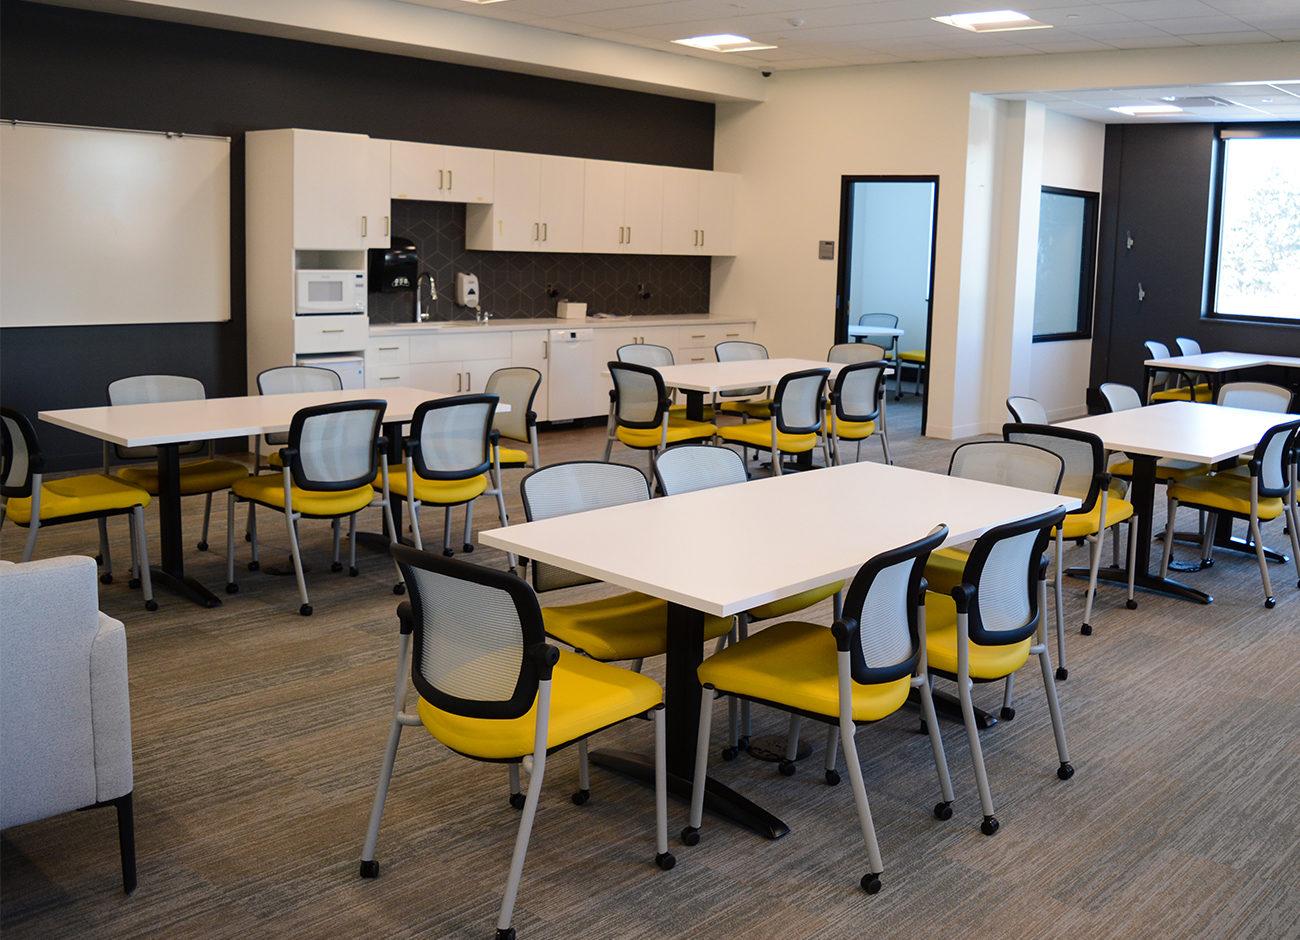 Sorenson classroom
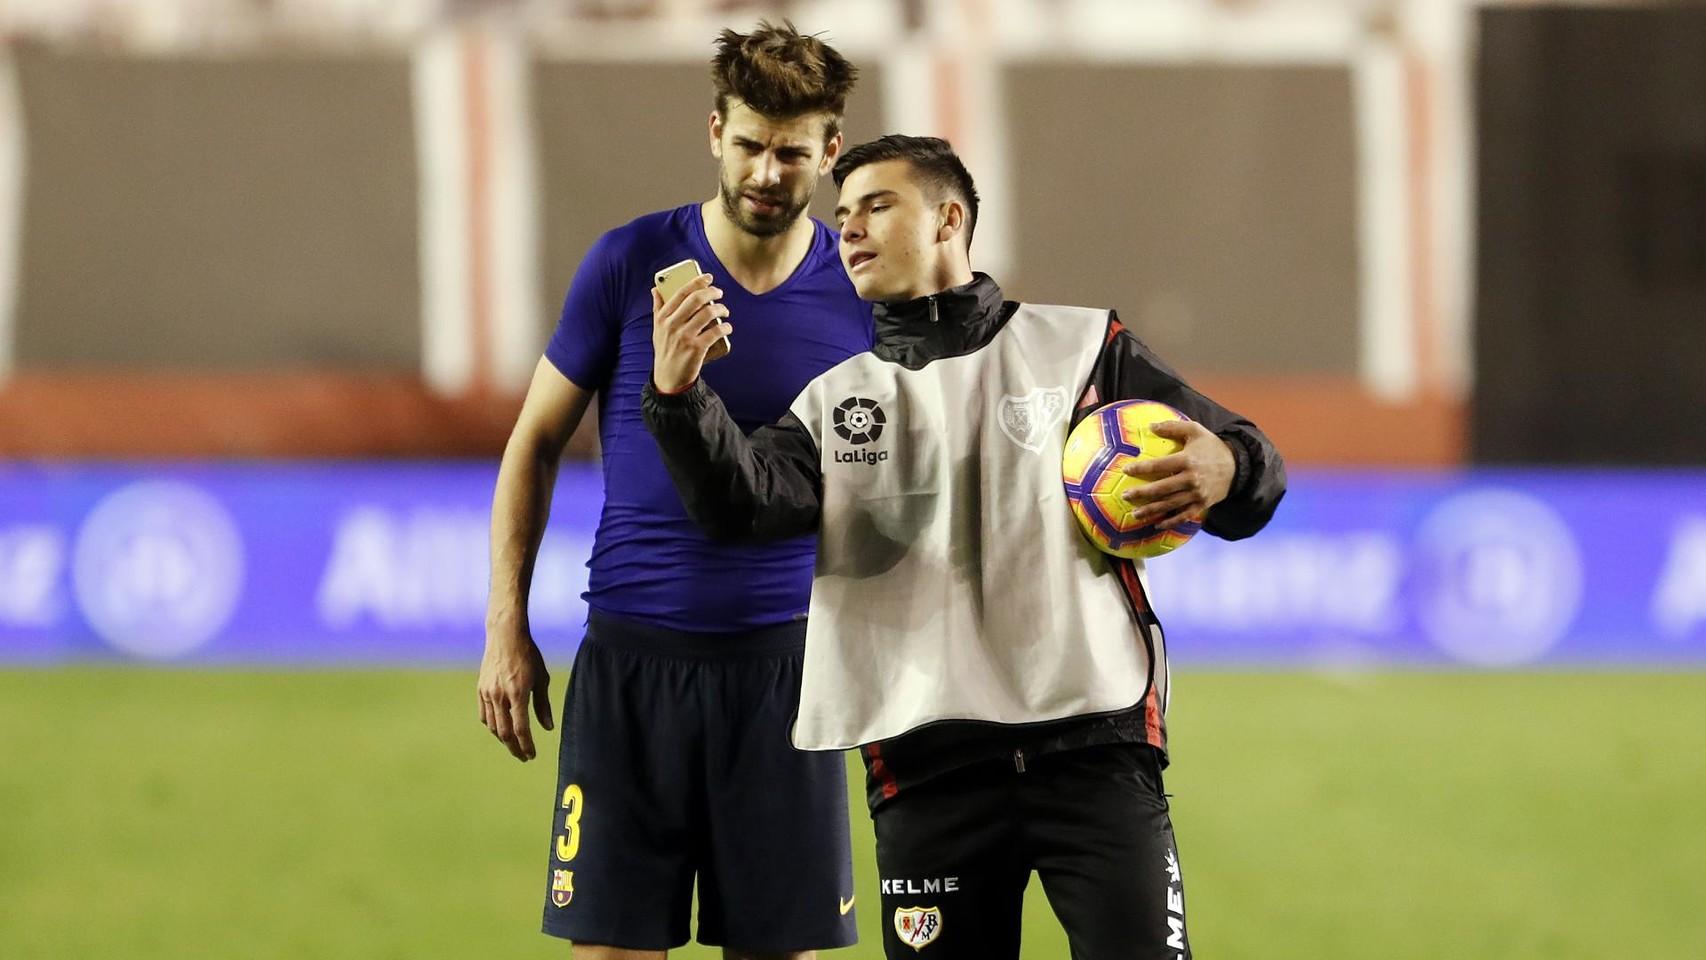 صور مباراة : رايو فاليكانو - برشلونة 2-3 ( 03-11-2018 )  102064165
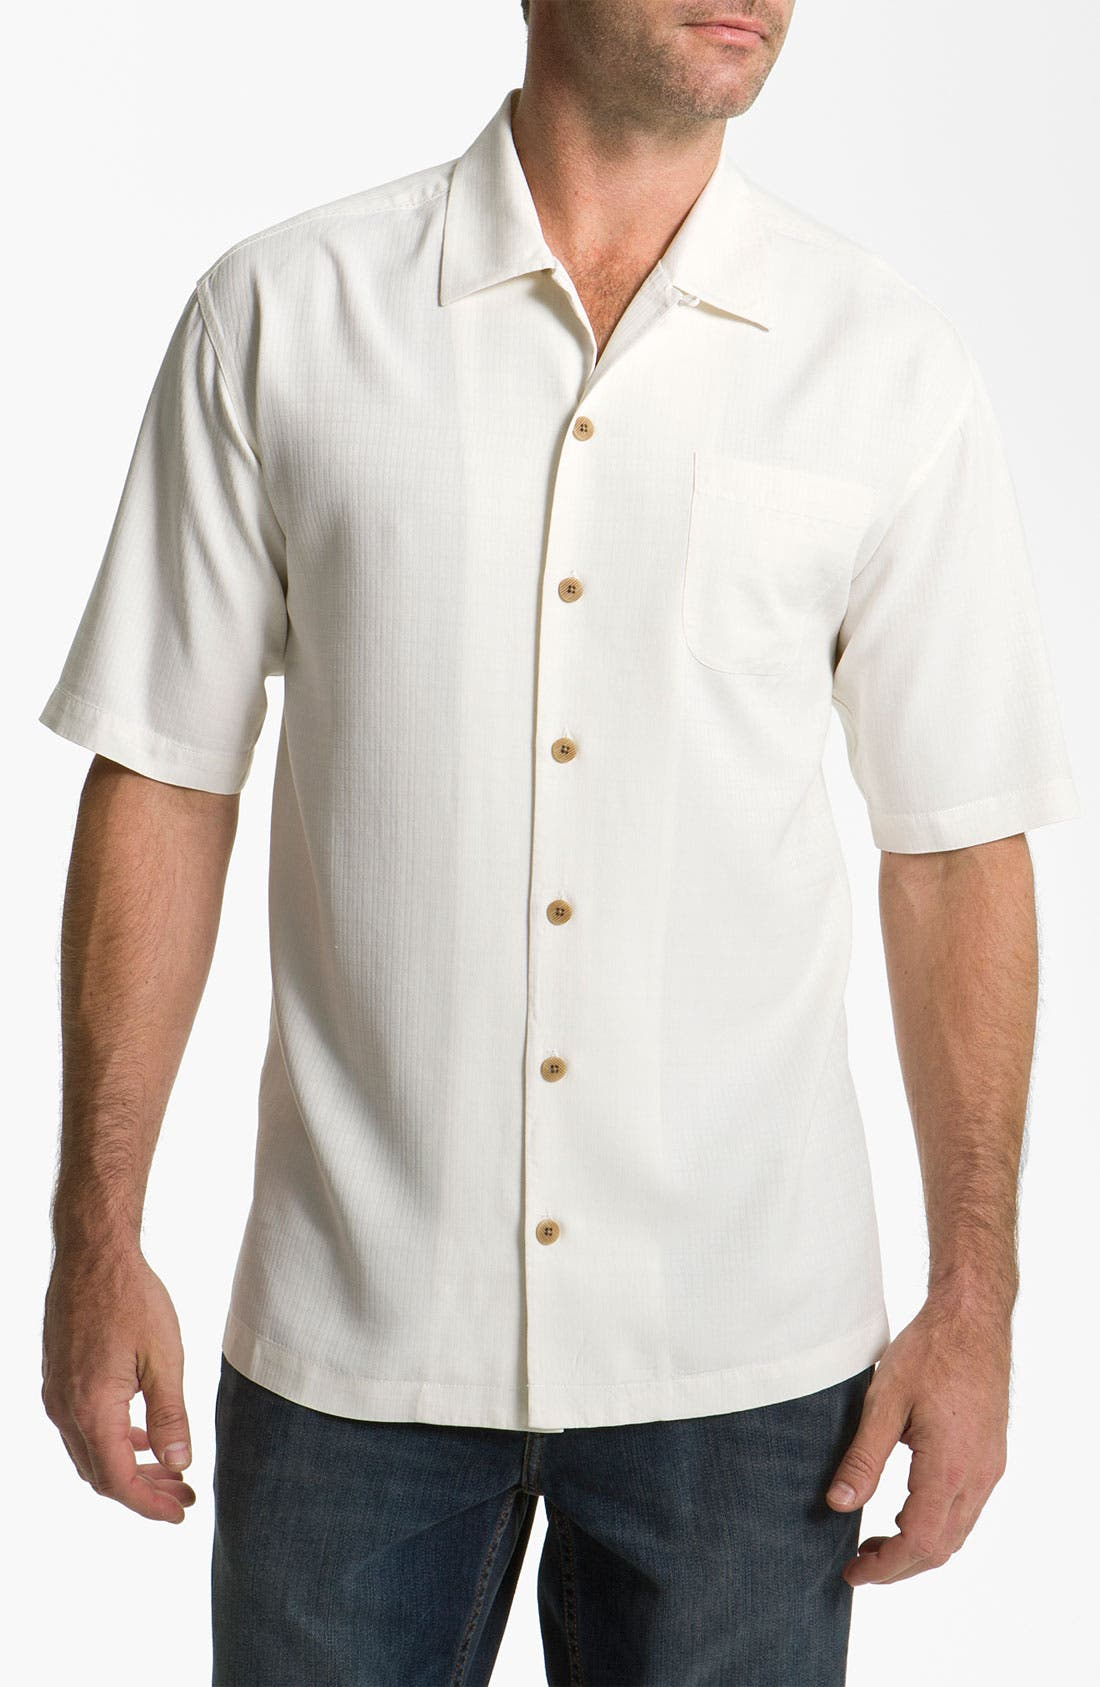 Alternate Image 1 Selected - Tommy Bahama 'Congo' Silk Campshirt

______________________________

▶ **What to produce**
Copy the data in full. No pictures belong in the copy.

▶ **Reply to the exercise**
 Sorenson classroom
 صور مباراة : رايو فاليكانو - برشلونة 2-3 ( 03-11-2018 )  102064165
 Alternate Image 1 Selected - Tommy Bahama 'Congo' Silk Campshirt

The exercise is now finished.